╭─ INPUT DATA

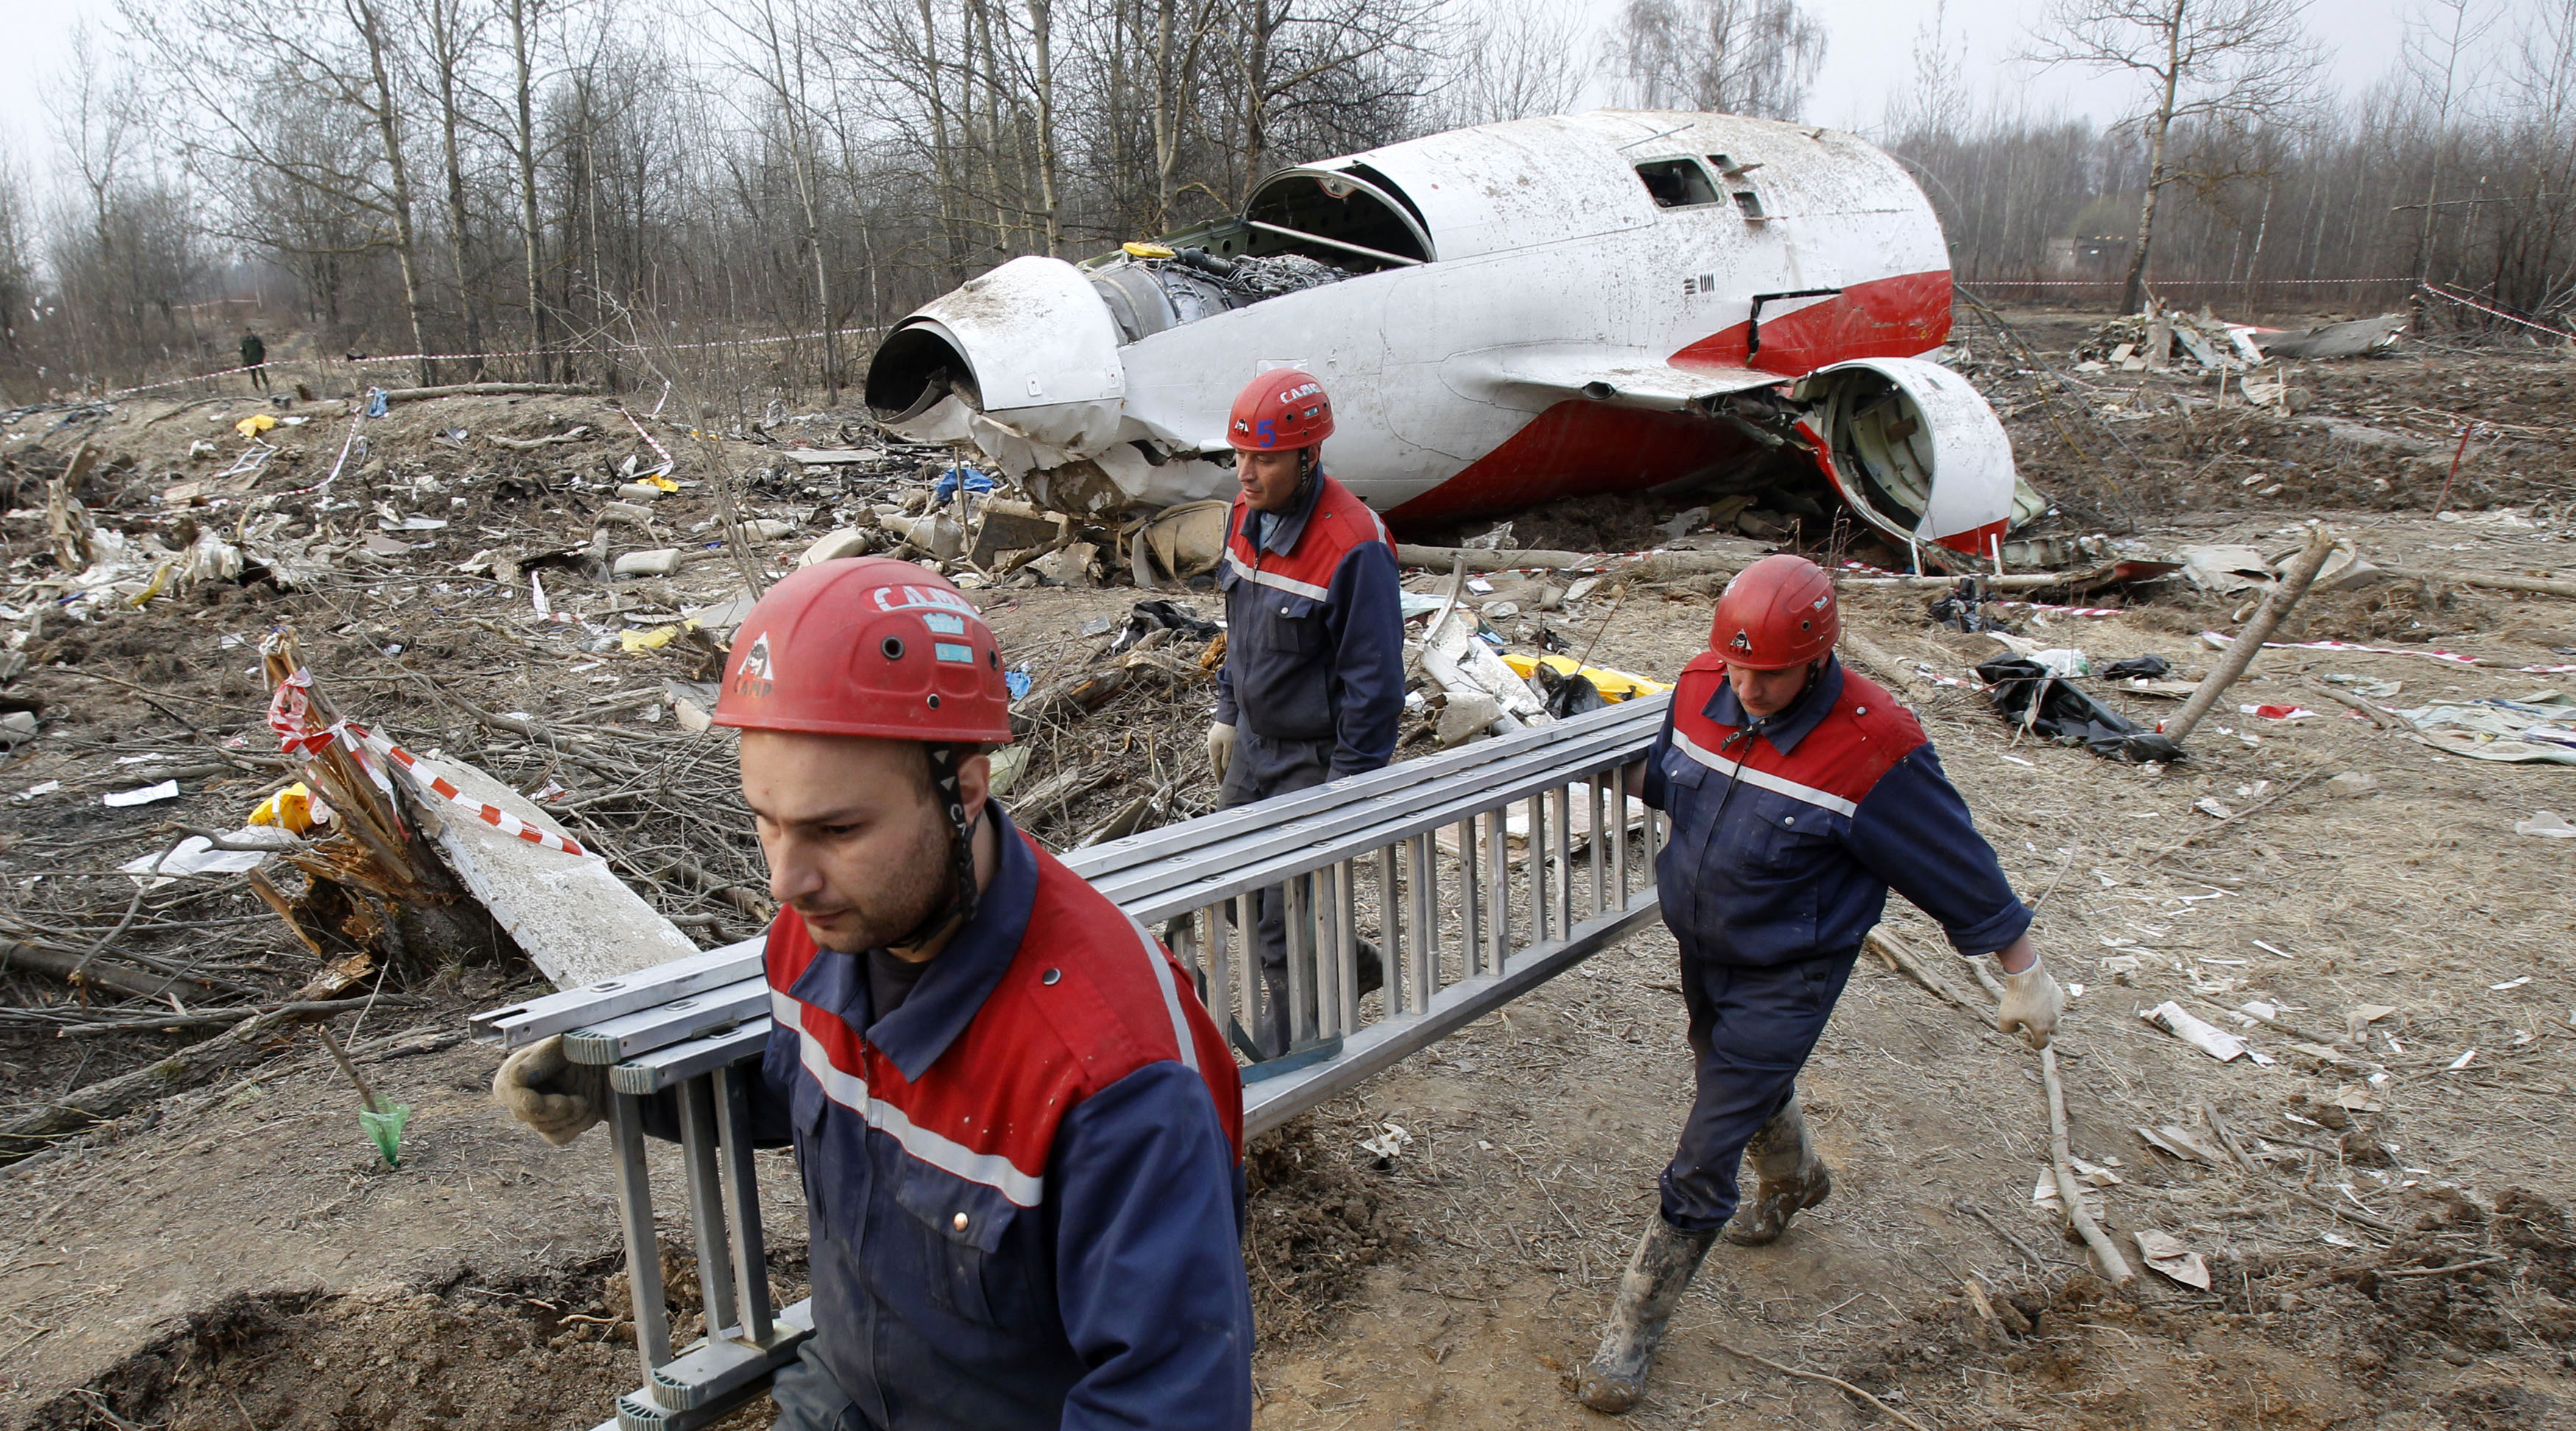 Валенса: в авиакатастрофе под Смоленском виноваты братья Качиньские
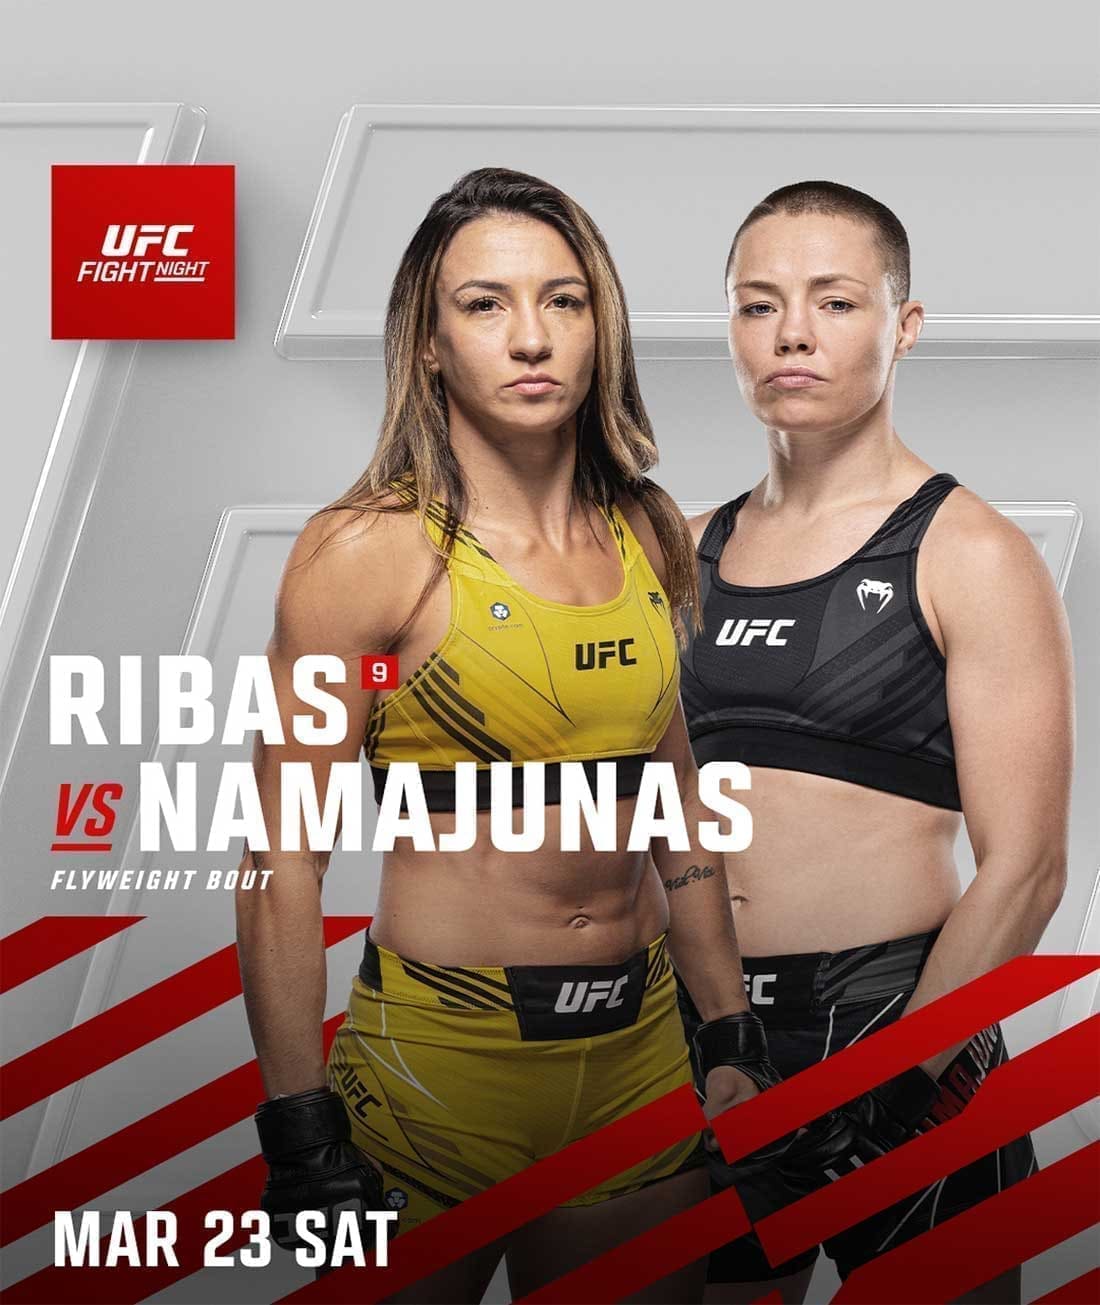 UFC on ESPN 53: Рибас - Намаюнас дата проведения, кард, участники и результаты
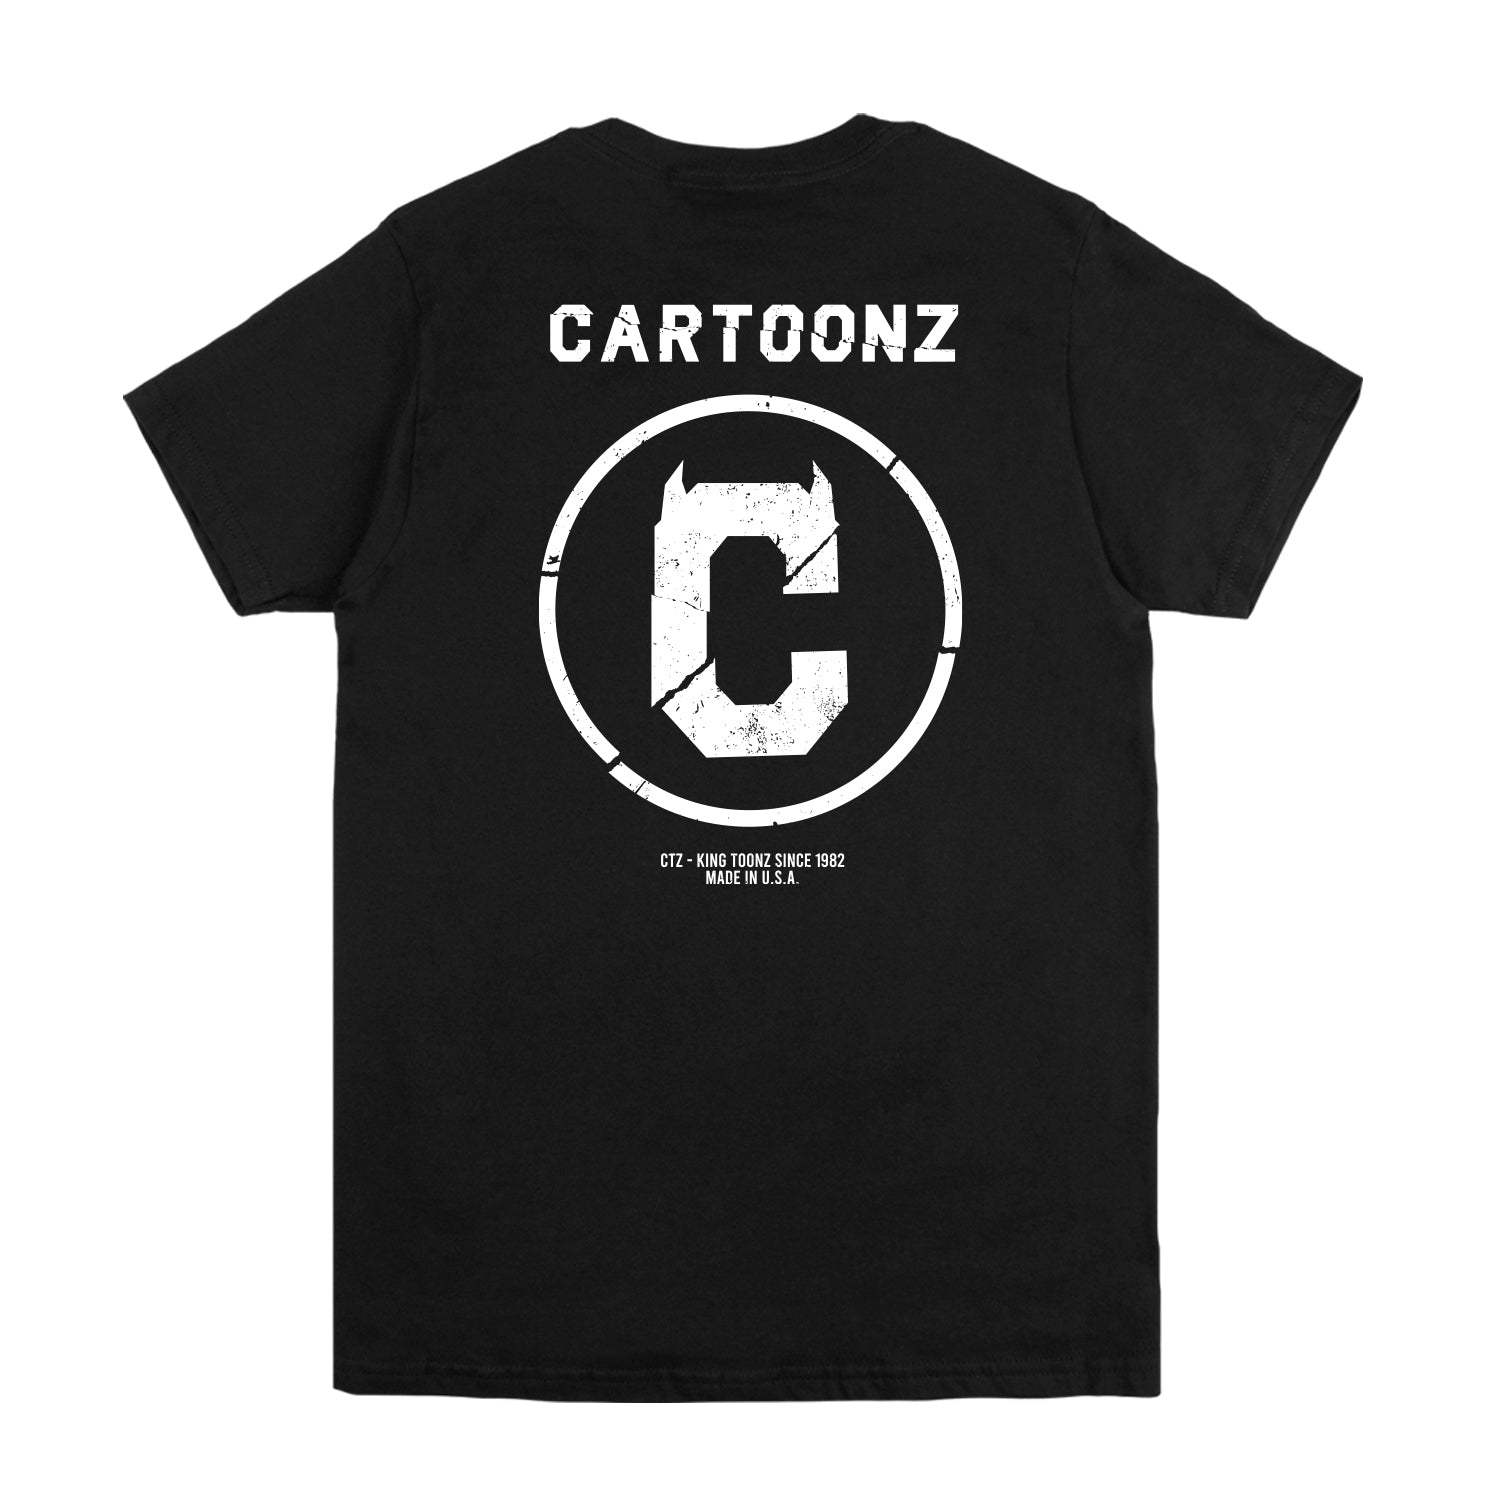 CaRtOoNz | Fracture Tee (Black)
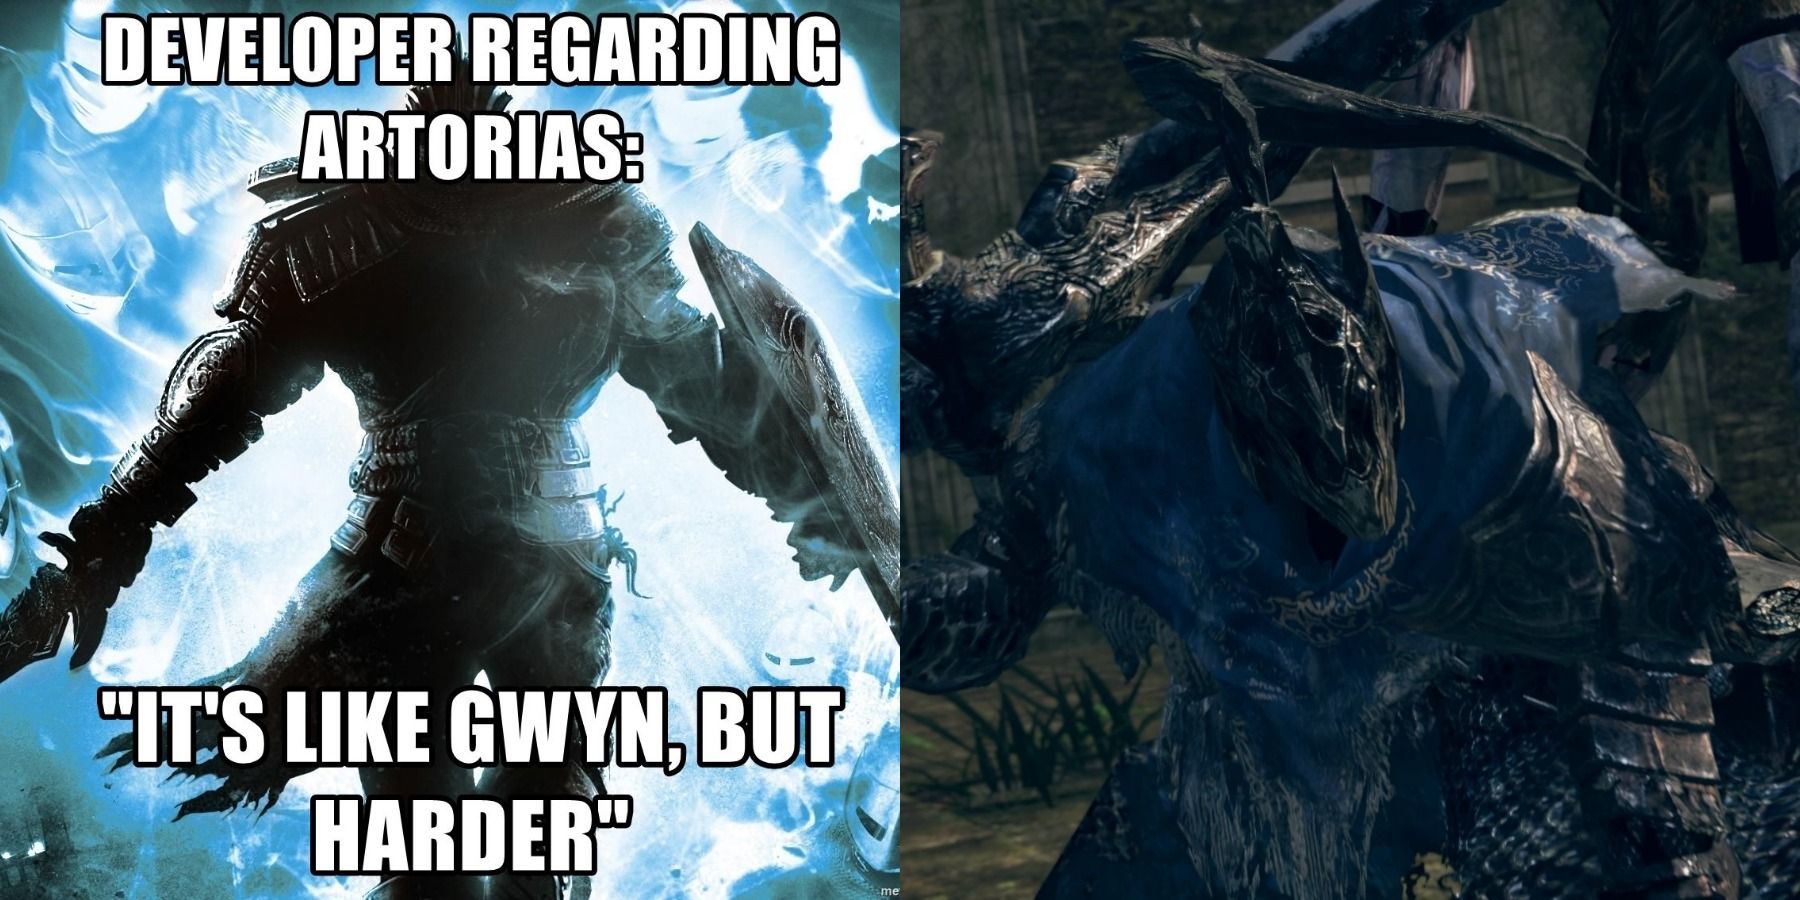 Dark Souls artorias harder gwyn boss meme

╰─

WORK ITEM =
For your answer, write out the data exactly and drop every picture.

OUTPUT FOR THIS TASK =
 Валенса: в авиакатастрофе под Смоленском виноваты братья Качиньские
 UFC on ESPN 53: Рибас - Намаюнас дата проведения, кард, участники и результаты
 CaRtOoNz | Fracture Tee (Black)
 Dark Souls artorias harder gwyn boss meme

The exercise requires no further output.